From: Vincent Guittot <vincent.guittot@linaro.org>
To: Matt Fleming <matt@codeblueprint.co.uk>
Cc: Brendan Gregg <brendan.d.gregg@gmail.com>,
Peter Zijlstra <peterz@infradead.org>,
Ingo Molnar <mingo@kernel.org>,
LKML <linux-kernel@vger.kernel.org>,
Morten.Rasmussen@arm.com, dietmar.eggemann@arm.com,
kernellwp@gmail.com, yuyang.du@intel.com,
umgwanakikbuti@gmail.com,
Mel Gorman <mgorman@techsingularity.net>
Subject: Re: [PATCH 2/2 v2] sched: use load_avg for selecting idlest group
Date: Mon, 5 Dec 2016 10:27:36 +0100 [thread overview]
Message-ID: <20161205092735.GA9161@linaro.org> (raw)

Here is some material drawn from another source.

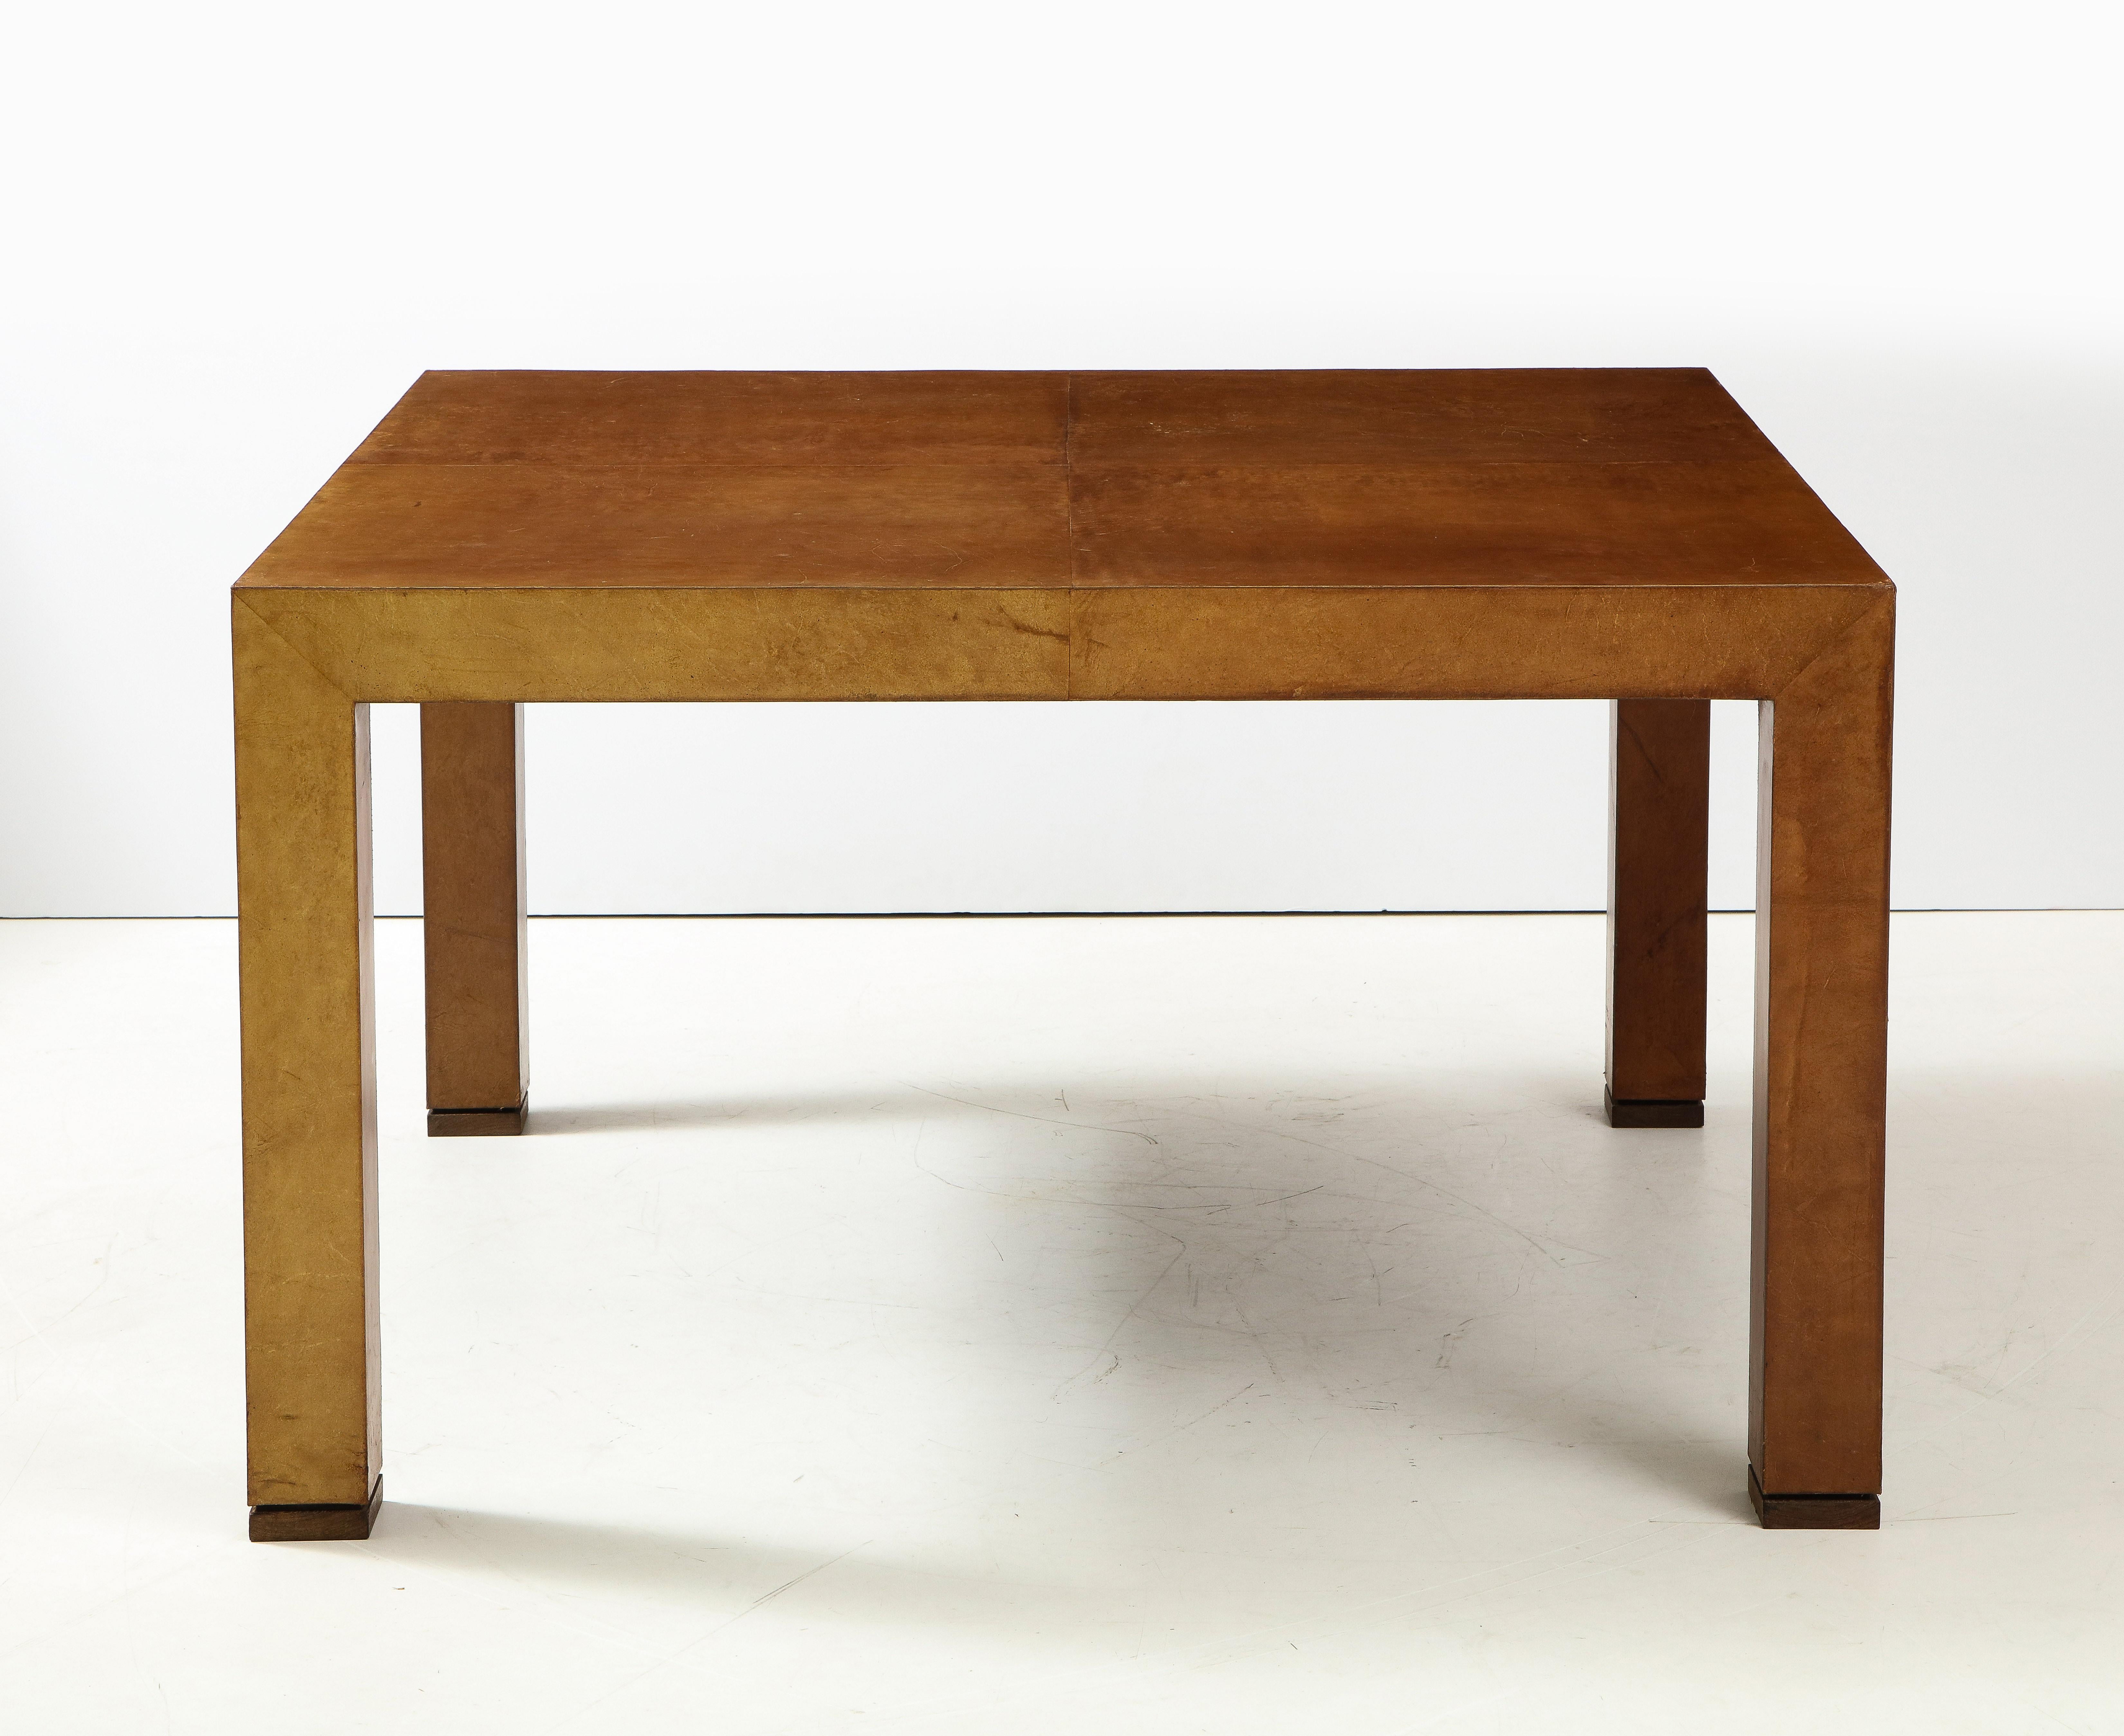 Havana Leather Dining Table, France, c. 1960-70 For Sale 2

In-Reply-To: <20161203214707.GI20785@codeblueprint.co.uk>
Le Saturday 03 Dec 2016 à 21:47:07 (+0000), Matt Fleming a écrit :
> On Fri, 02 Dec, at 07:31:04PM, Brendan Gregg wrote:
> >
> > For background, is this from the "A decade of wasted cores" paper's
> > patches?
>
> No, this patch fixes an issue I originally reported here,
>
> https://lkml.kernel.org/r/20160923115808.2330-1-matt@codeblueprint.co.uk
>
> Essentially, if you have an idle or partially-idle system and a
> workload that consists of fork()'ing a bunch of tasks, where each of
> those tasks immediately sleeps waiting for some wakeup, then those
> tasks aren't spread across all idle CPUs very well.
>
> We saw this issue when running hackbench with a small loop count, such
> that the actual benchmark setup (fork()'ing) is where the majority of
> the runtime is spent.
>
> In that scenario, there's a large potential/blocked load, but
> essentially no runnable load, and the balance on fork scheduler code
> only cares about runnable load without Vincent's patch applied.
>
> The closest thing I can find in the "A decade of wasted cores" paper
> is "The Overload-on-Wakeup bug", but I don't think that's the issue
> here since,
>
> a) We're balancing on fork, not wakeup
> b) The fork on balance code balances across nodes OK
>
> > What's the expected typical gain? Thanks,
>
> The results are still coming back from the SUSE performance test grid
> but they do show that this patch is mainly a win for multi-socket
> machines with more than 8 cores or thereabouts.
>
> [ Vincent, I'll follow up to your PATCH 1/2 with the results that are
> specifically for that patch ]
>
> Assuming a fork-intensive or fork-dominated workload, and a
> multi-socket machine, such as this 2 socket, NUMA, with 12 cores and
> HT enabled (48 cpus), we saw a very clear win between +10% and +15%
> for processes communicating via pipes,
>
> (1) tip-sched = tip/sched/core branch
> (2) fix-fig-for-fork = (1) + PATCH 1/2
> (3) fix-sig = (1) + (2) + PATCH 2/2
>
> hackbench-process-pipes
> 4.9.0-rc6 4.9.0-rc6 4.9.0-rc6
> tip-sched fix-fig-for-fork fix-sig
> Amean 1 0.0717 ( 0.00%) 0.0696 ( 2.99%) 0.0730 ( -1.79%)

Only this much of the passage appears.